私たちの大志Our Vision & Voices

国土資源総研レポート

30.共有地の悲劇――外国人と共謀する人たち

もとより土地・水・緑の国土資源は、国民共通の財産であり、共有資源です。法令順守はもちろん、法的な問題にならないからといって、なし崩し的に私的な所有権がどこまでも強調され、外資による治外法権的な主張がまかり通るようになってくると悲劇になります。

『共有地の悲劇』(ギャレット・ハーディン1968)は、米国の共同牧草地を舞台に、個々の私的な利益の追求がオープンアクセスであった場合、過剰資源消費によって全体がダメになってしまう、集団としての非合理な結果を招いてしまうと説明したもので、コモンズ(共有地)の持続的利用を考えさせてくれます。
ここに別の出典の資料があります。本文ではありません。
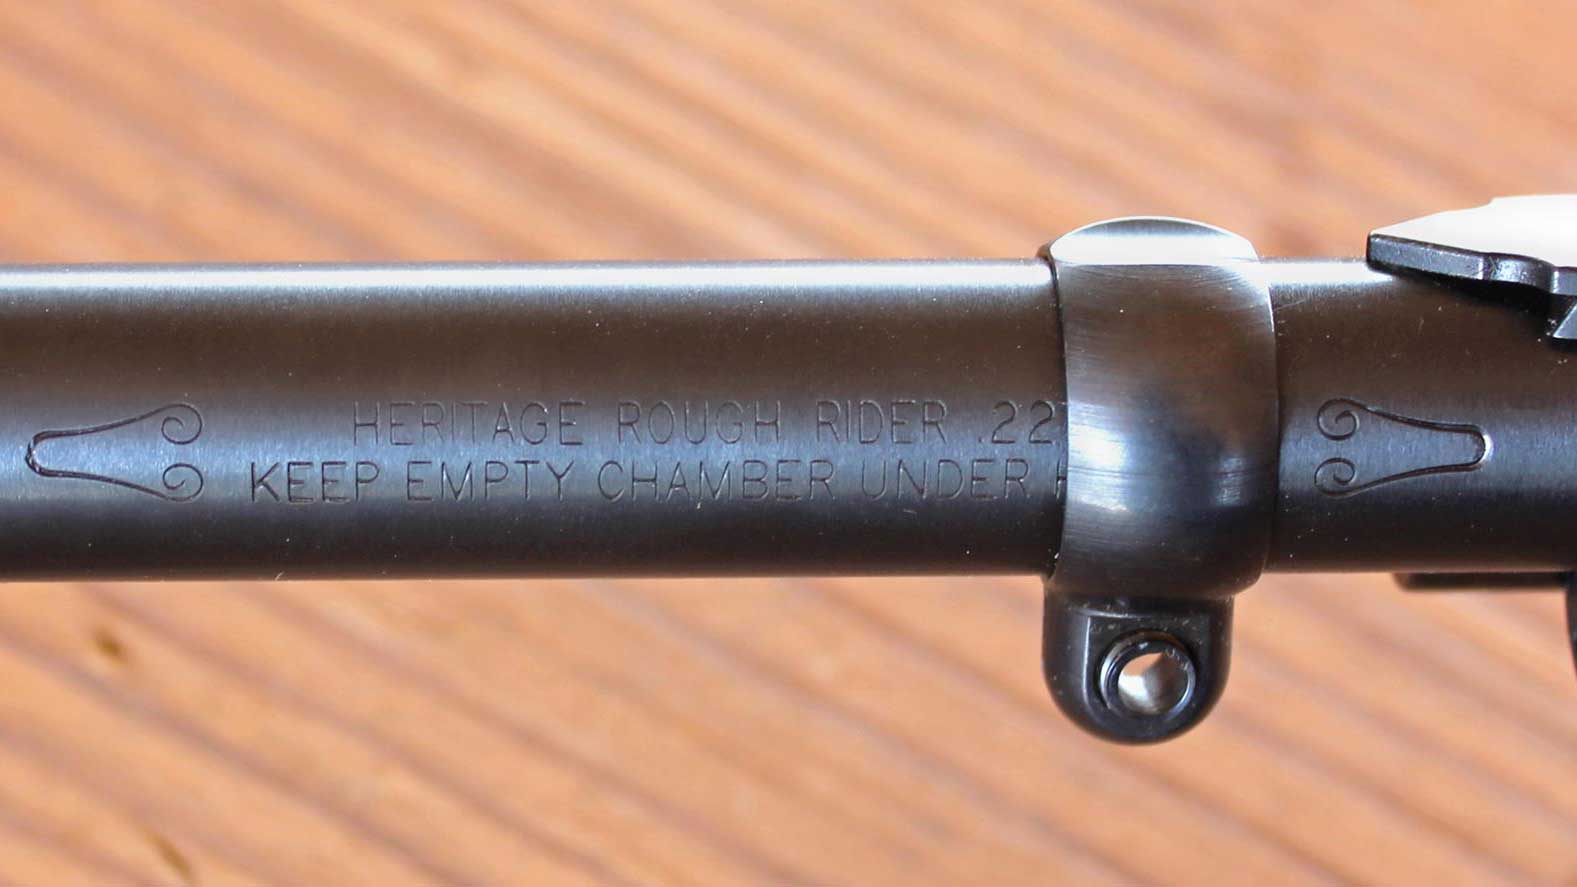 The front swivel band connected to the barrel.

日本の限られた国土(土地・水・緑)も大きな意味でコモンズの要素をもっています。ただし、このコモンズの持続的な利用が成り立つには、前提として次の三つの要素が不可欠です。

①管理するための掟(ルール)
②公平な経済的便益(等しいマネーフロー)
③メンバー間の共通する夢(将来計画)

ところが今、日本の地下水・土地について見ると、①が不完全なまま、かつ③の夢を語るにも共通言語が不十分なまま、「法律違反さえしなければよい」「捕まらなければよいのだ」とする輩が日本人(政治家等含む)も含めて増え続けているように思います。

 現下の日本社会のように公益が軽視されたまま、個別利益ばかりが優先されていく風潮を放置してはなりません。また、社会問題を誘発しかねない法人による反環境的、反社会的な活動に対して無頓着であったり、不作為のまま見過ごしてしまっていてはいけないと思います。